WHAT YOU SHOULD DO: In the entries below, find the line with "Lauryl, Gnome chevalier" and the line with "Transport shared services"; copy them and every line between them exactly, but not the pictures.

SUPPLIED RECORDS:
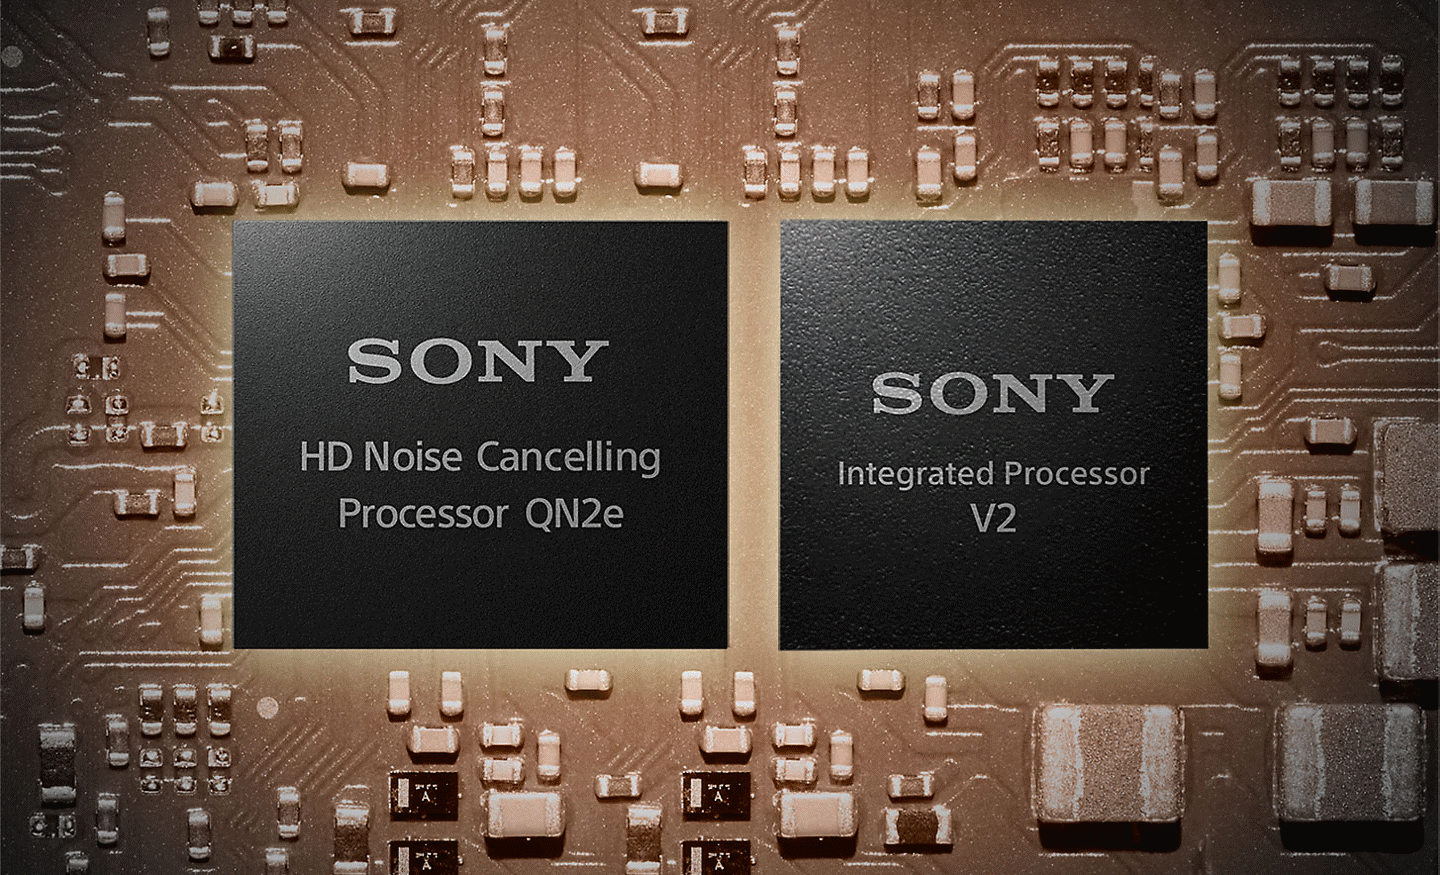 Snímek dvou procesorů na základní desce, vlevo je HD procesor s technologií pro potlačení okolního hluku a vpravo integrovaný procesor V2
==
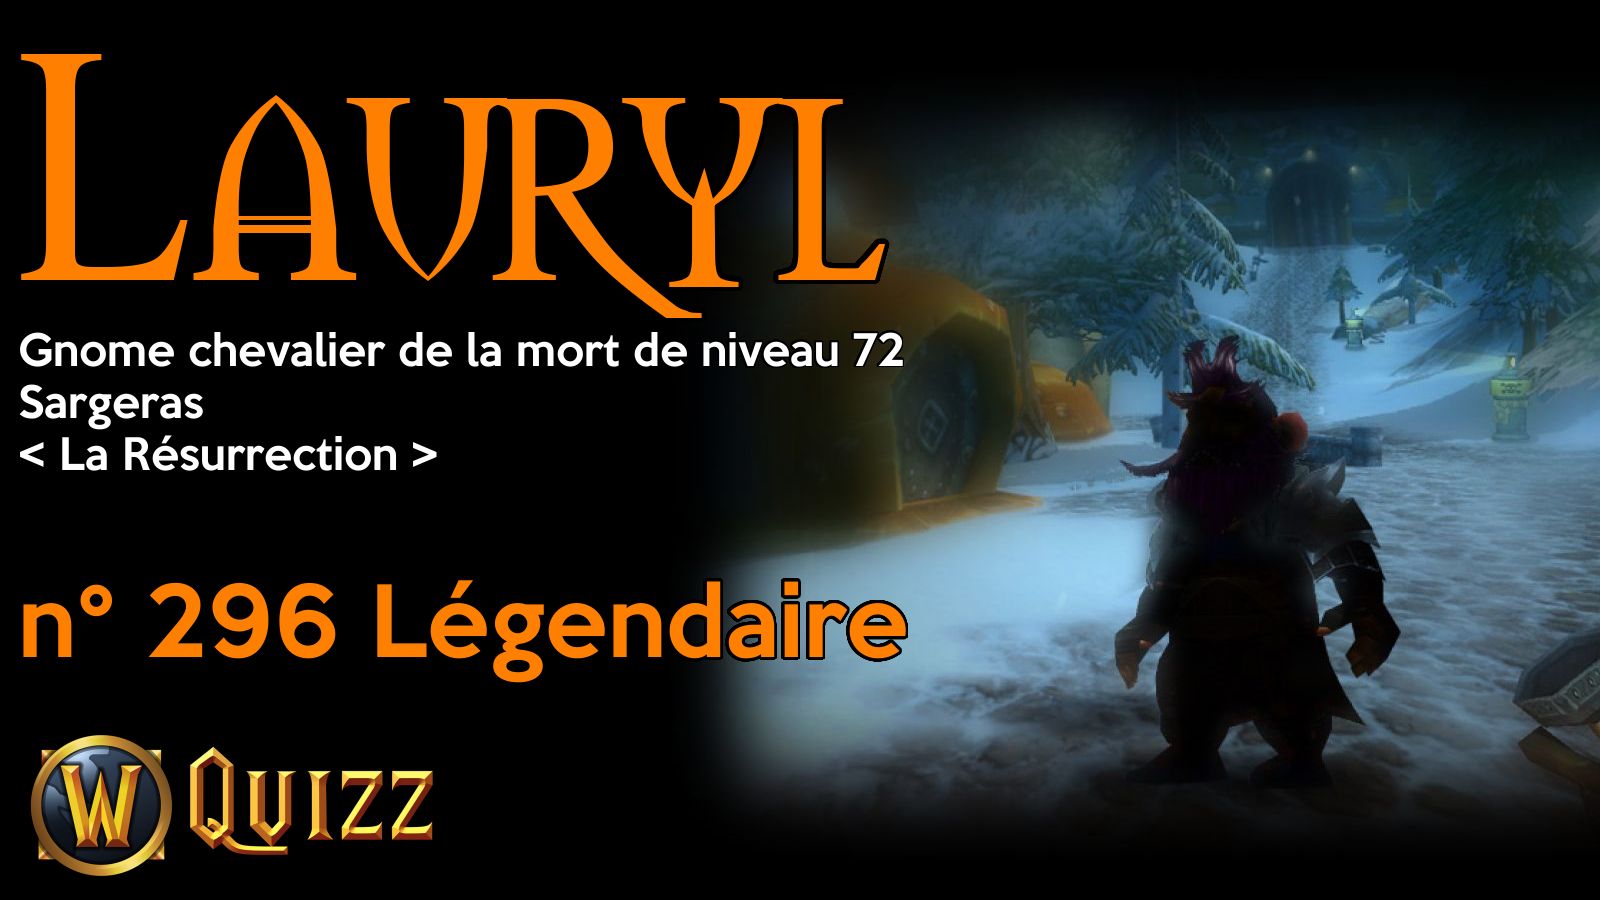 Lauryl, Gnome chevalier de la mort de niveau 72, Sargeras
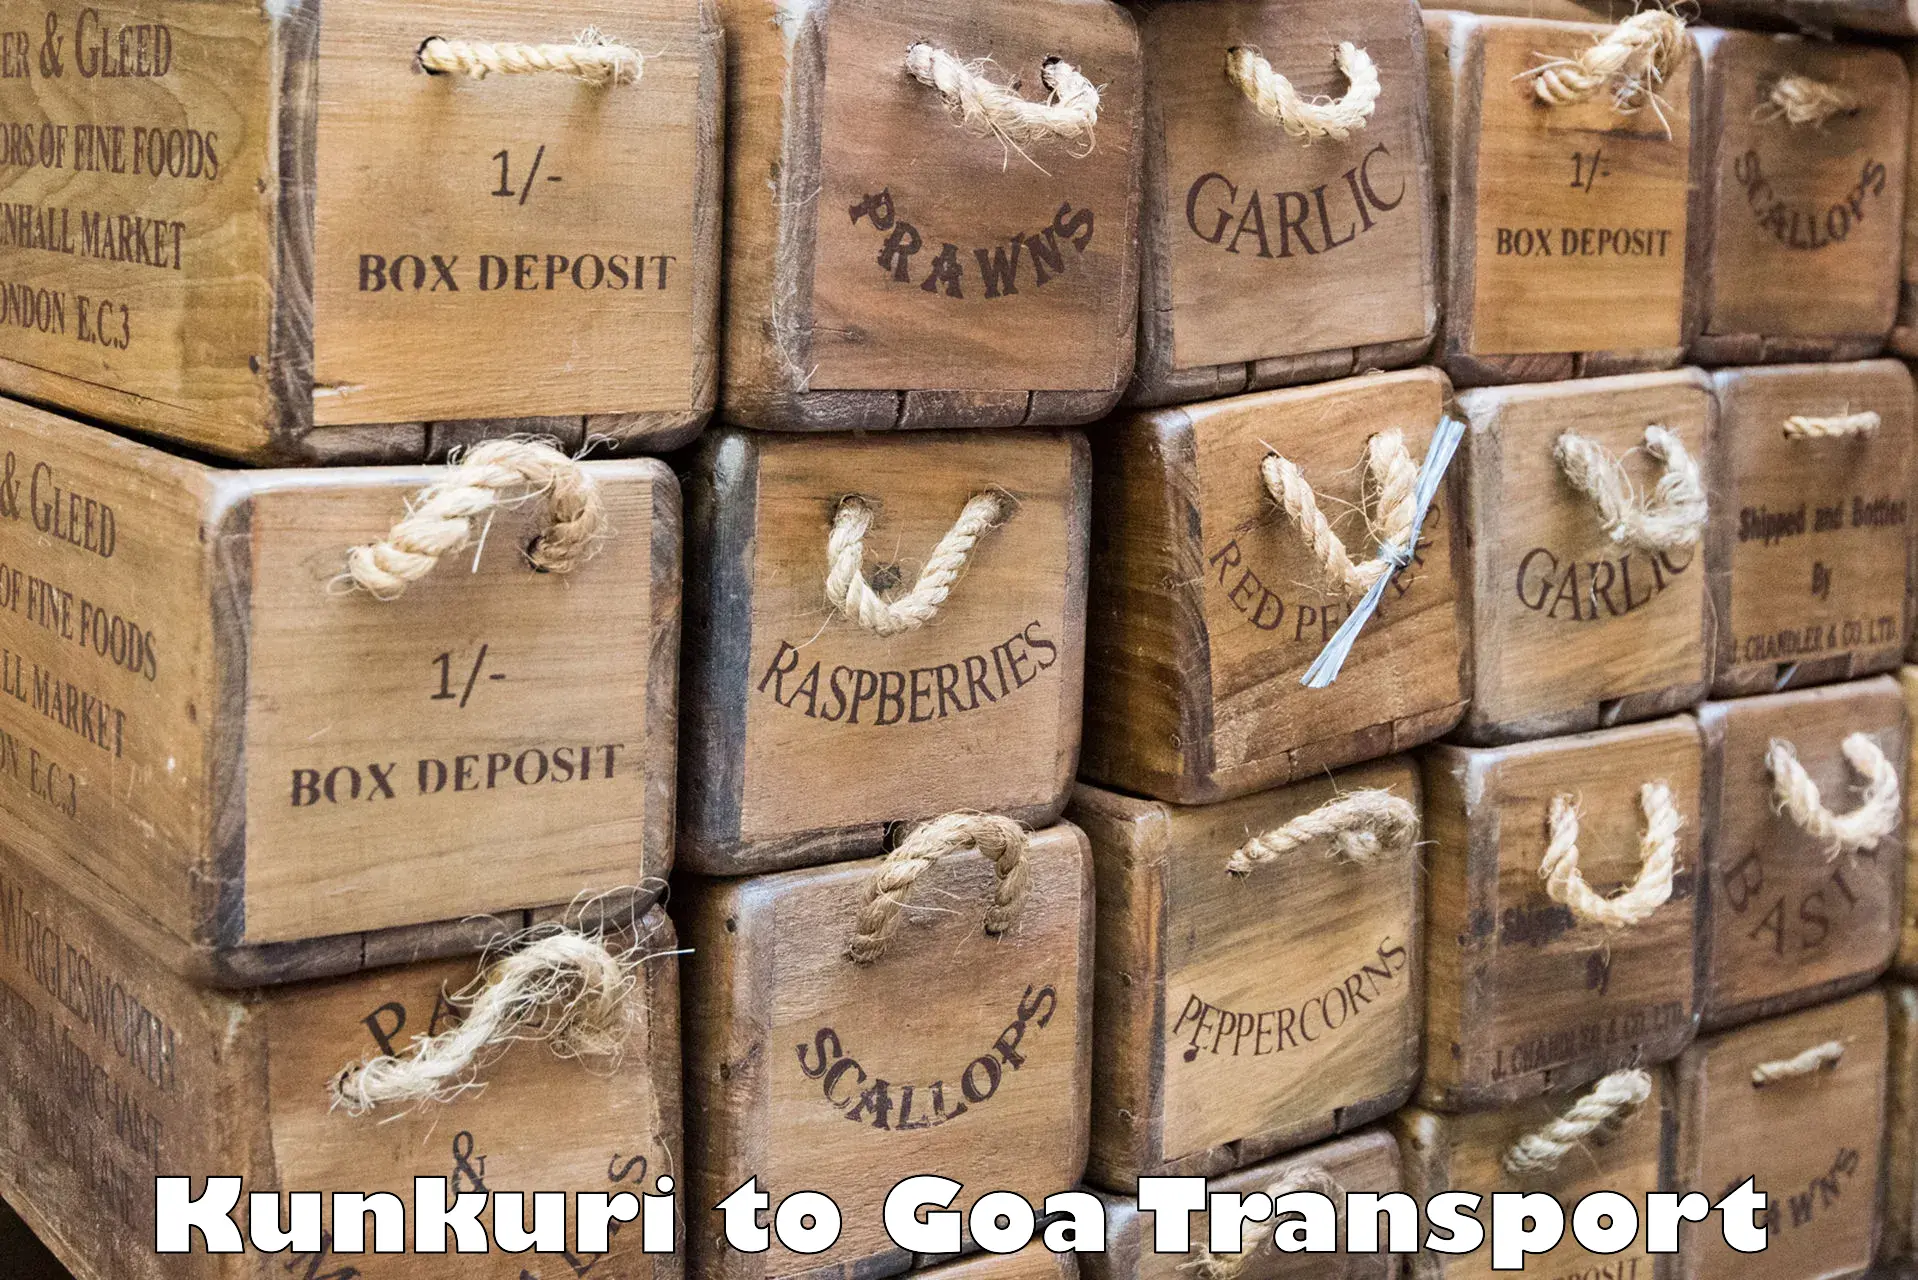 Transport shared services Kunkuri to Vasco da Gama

SOLUTION TO THE PROBLEM:
 Lauryl, Gnome chevalier de la mort de niveau 72, Sargeras
 Transport shared services Kunkuri to Vasco da Gama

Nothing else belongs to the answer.